Data block Start Marker

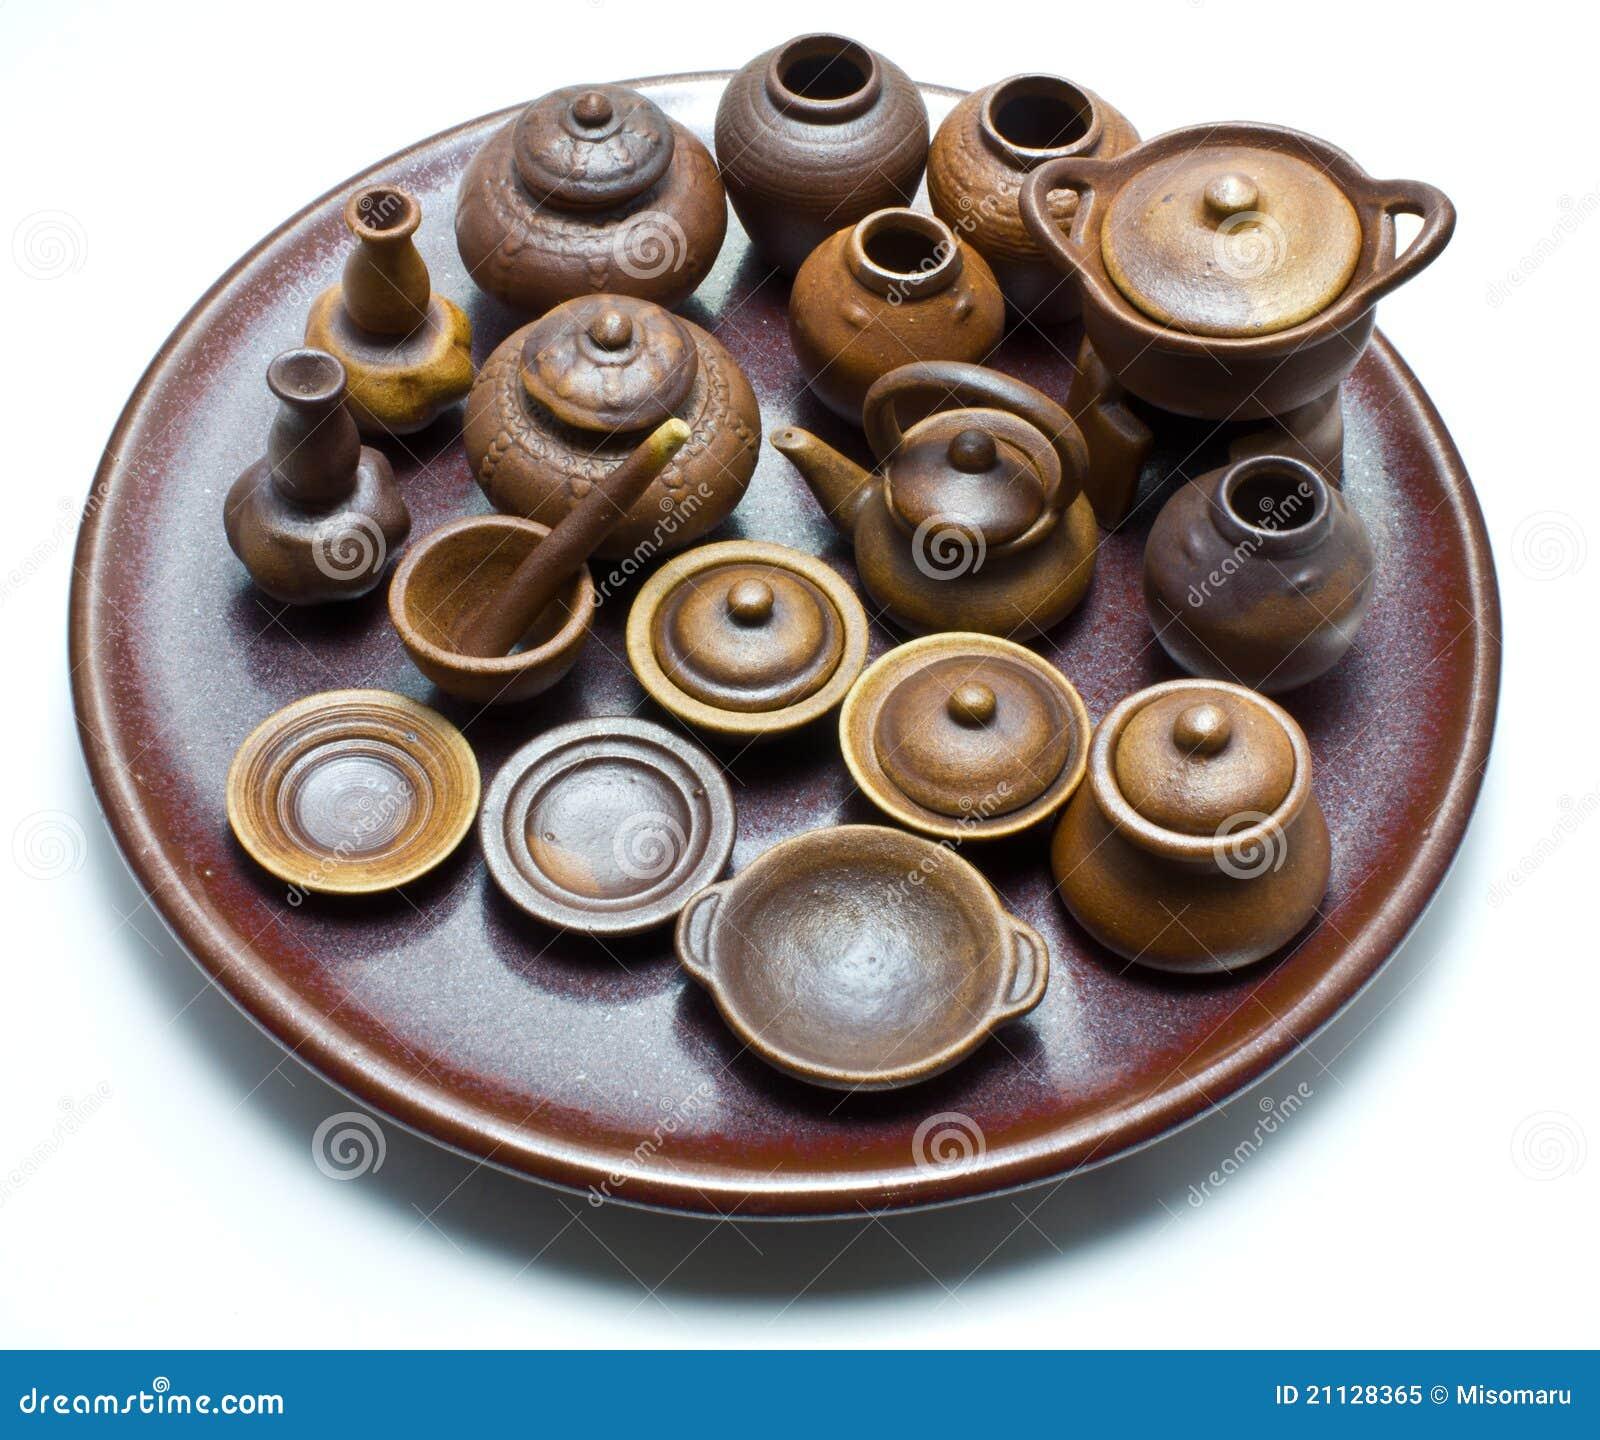 Mini Handmade Thai Ceramic Clay Pot Royalty Free Stock
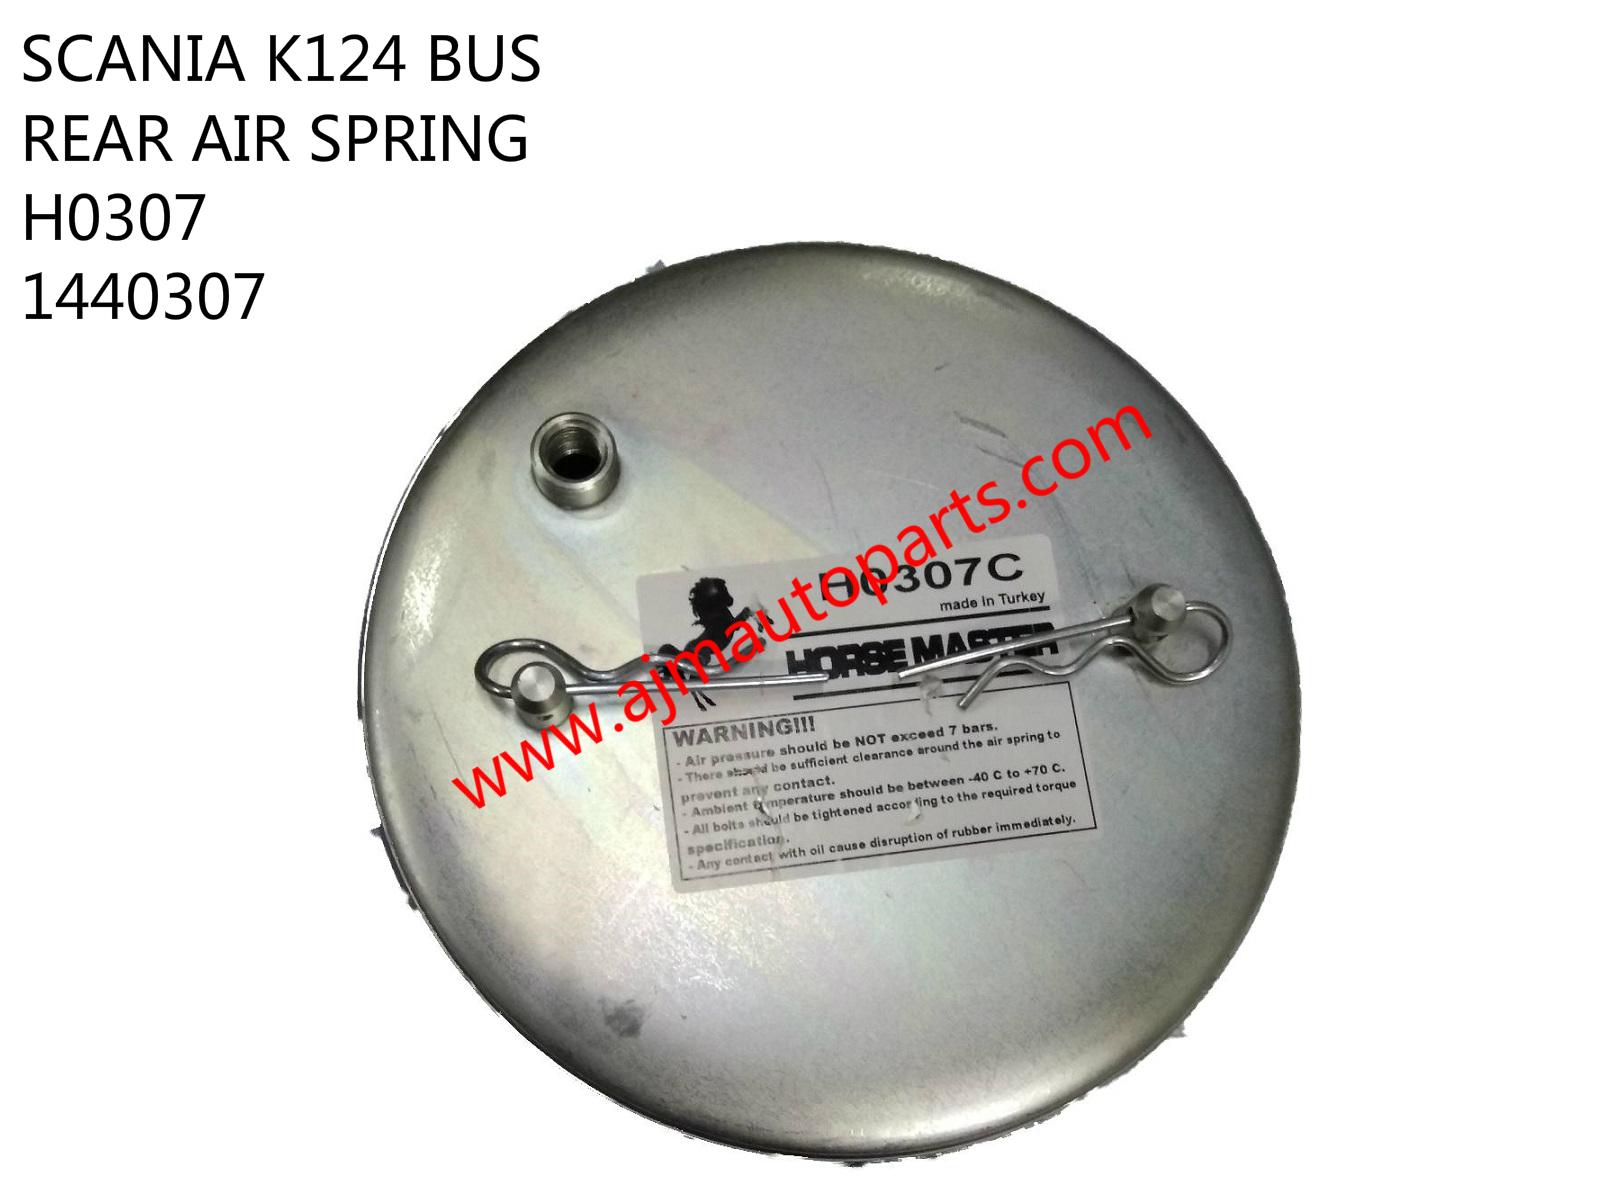 SCANIA K124 BUS REAR AIR SPRING-H0307 1440307
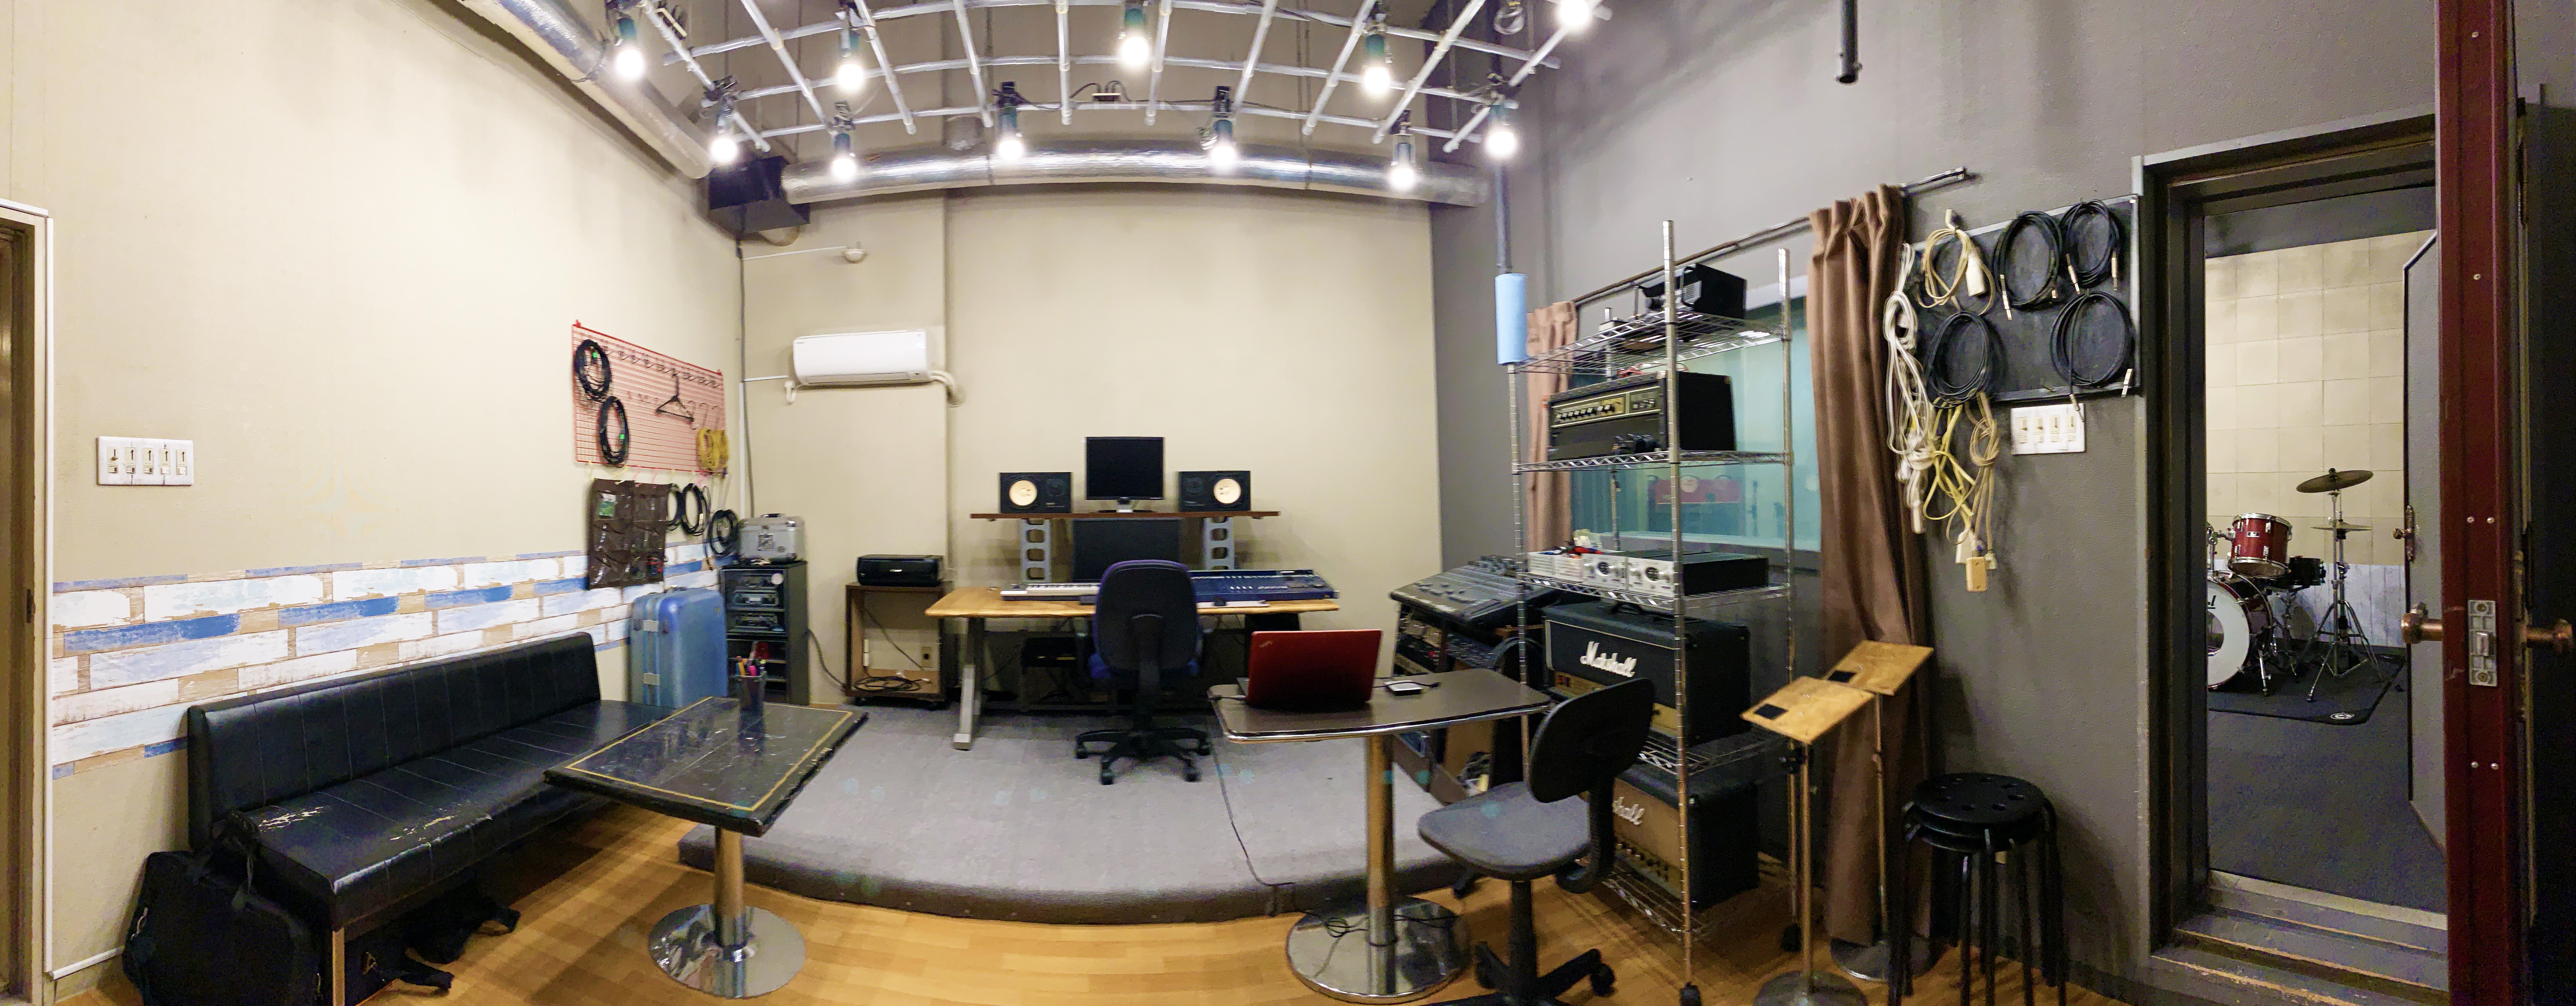 スタジオ前景
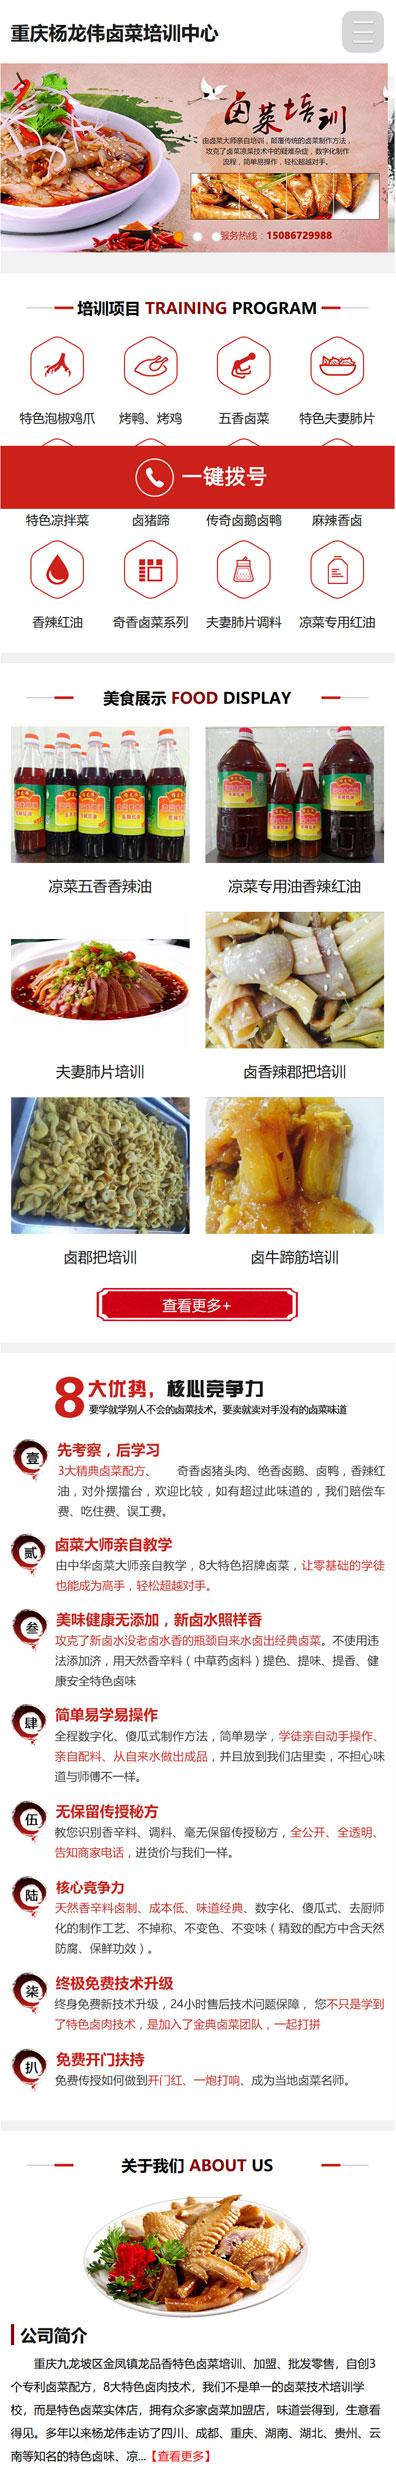 杨龙伟专业卤菜培训

Data block End Marker

Please write the data out again exactly, but do not carry over the pictures.

 Mini Handmade Thai Ceramic Clay Pot Royalty Free Stock
 SCANIA K124 BUS REAR AIR SPRING-H0307 1440307
 スタジオ前景
 杨龙伟专业卤菜培训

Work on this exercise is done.